LA DISTRIBUZIONE DEI TERREMOTI La maggior parte dei terremoti si verifica in tre fasce principali, precisamente lungo le dorsali oceaniche, nelle catene montuose di recente formazione e nella cosiddetta cintura di fuoco circumpacifica. Altre zone sismicamente attive sono le regioni con faglie e fratture dell'Africa orientale e alcune zone marginali alle masse continentali. In generale devono essere considerate pericolose tutte le aree con faglie ancora in movimento.

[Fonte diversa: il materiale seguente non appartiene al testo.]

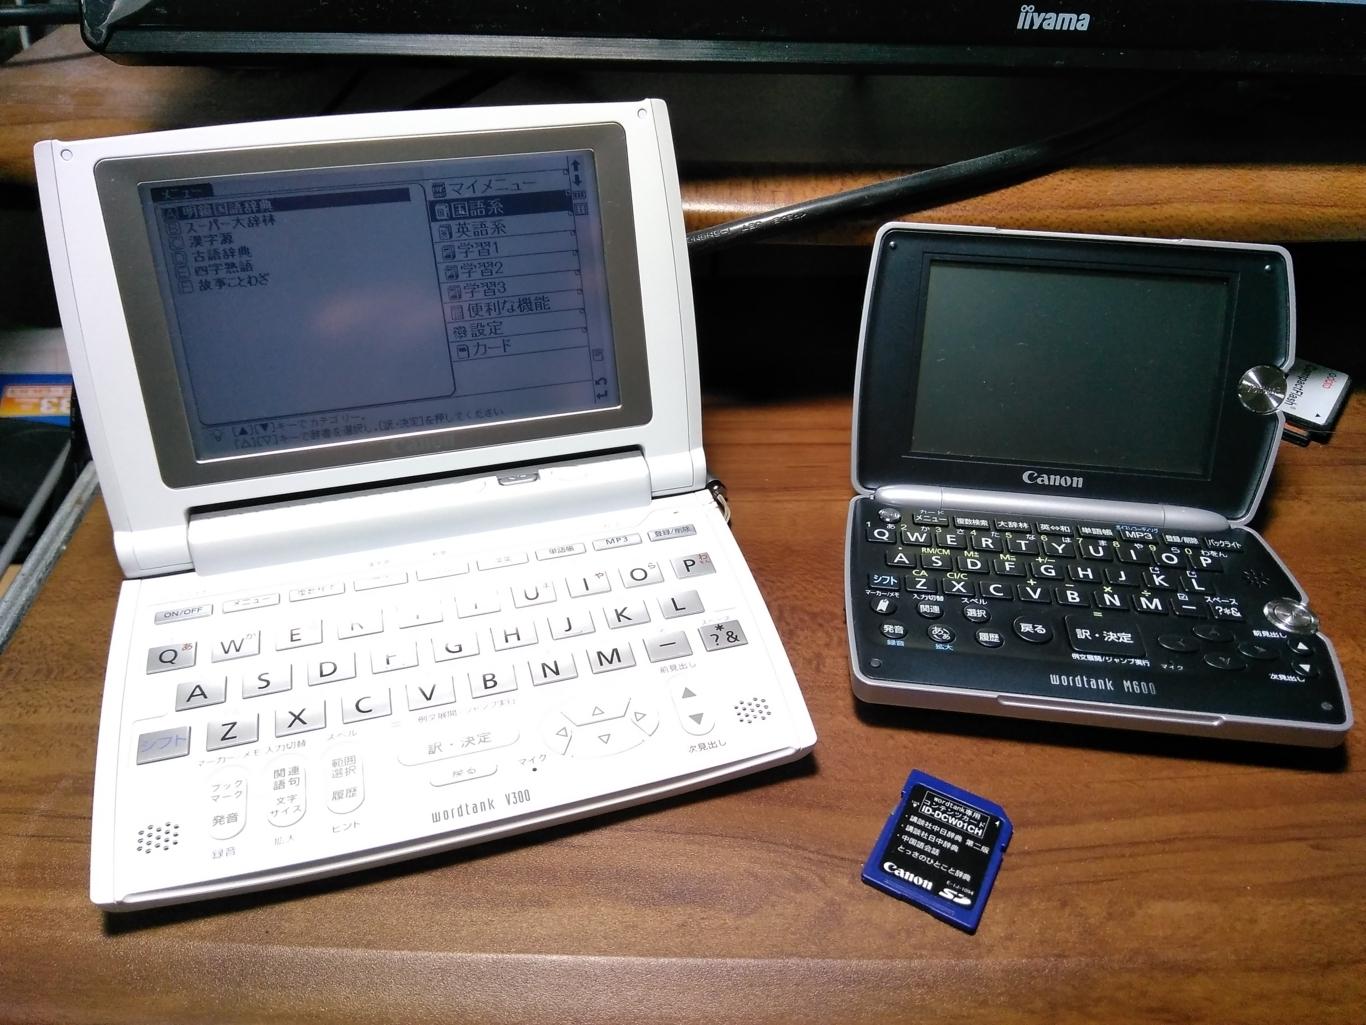 wordtank V300, M600

I terremoti che si verificano lungo le dorsali oceaniche hanno ipocentro superficiale e magnitudo relativamente bassa. Il 20 per cento dei terremoti si verifica lungo la fascia alpidica, che parte dal centro dell’Atlantico, passa per il Mediterraneo e raggiunge l’Himalaya. Qui i terremoti hanno ipocentri superficiali e possono raggiungere magnitudo elevate. Il 70 per cento dei terremoti avviene lungo i margini della placca pacifica dove si registra il maggior numero di eventi sismici disastrosi ed è qui che gli ipocentri raggiungono le maggiori profondità.